# living in paphos



## nacho2683 (Apr 1, 2015)

hi.im new to this forum and this is my first post.I move to Paphos this july to live.Do I have to fill in any forms or get permission to live there ? I will be living there permanently for the forseable future,also do I need permission to do voluntary work.thanks


----------



## Baywatch (Mar 30, 2014)

nacho2683 said:


> hi.im new to this forum and this is my first post.I move to Paphos this july to live.Do I have to fill in any forms or get permission to live there ? I will be living there permanently for the forseable future,also do I need permission to do voluntary work.thanks


You need to get an appointment with immigration in Paphos. When you are there and book the time you will get a list of documents you need depending on your status, retired, employed etc. Then you collect the documents and go to your appointment. Normally you get your permission to stay directly. It cost 20 €. No permission needed for voluntary or other work.

Anders


----------



## nacho2683 (Apr 1, 2015)

cheers for the reply Baywatch much appreciated.will I need a Cypriot driving licence or can I drive on my uk one ?


----------



## Baywatch (Mar 30, 2014)

nacho2683 said:


> cheers for the reply Baywatch much appreciated.will I need a Cypriot driving licence or can I drive on my uk one ?

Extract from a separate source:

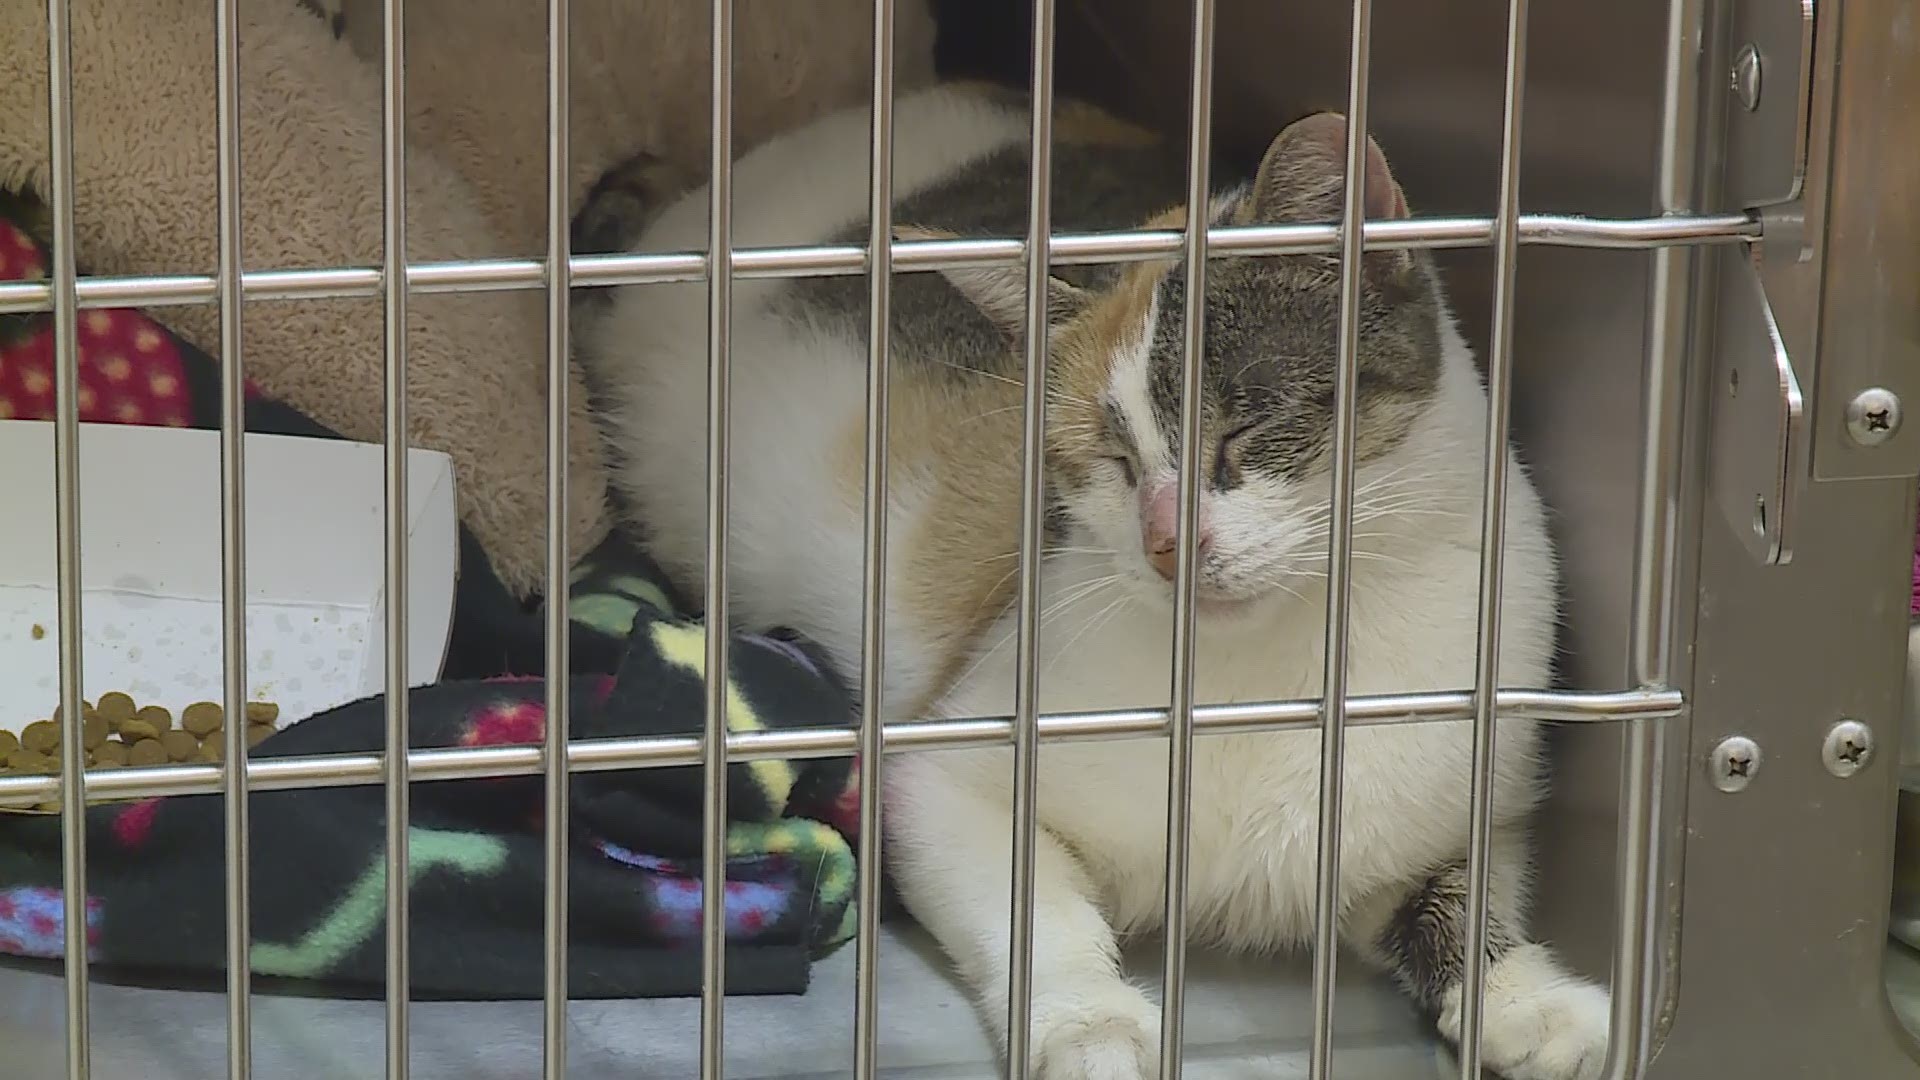 3News was granted a look inside VCA Great Lakes Veterinary Specialists to see the cats who were rescued. Seven were dumped near the trash behind the hospital.

You should be able. If you had from another EU country you could drive until it expires but UK have not the same license. I think it depends on what type it is


----------



## Veronica (Apr 5, 2008)

You can drive on your UK license until the picture part expires.


----------



## Baywatch (Mar 30, 2014)

Veronica said:


> You can drive on your UK license until the picture part expires.


Is the picture still stapled on the document


----------



## expatme (Dec 4, 2013)

Nacho 2683. May I suggest that you do a little researh into Cyprus. There are so many questions that you will need to ask. It appears the you do not even have the basic knowledge about the country. Google your questions. Look in various sites.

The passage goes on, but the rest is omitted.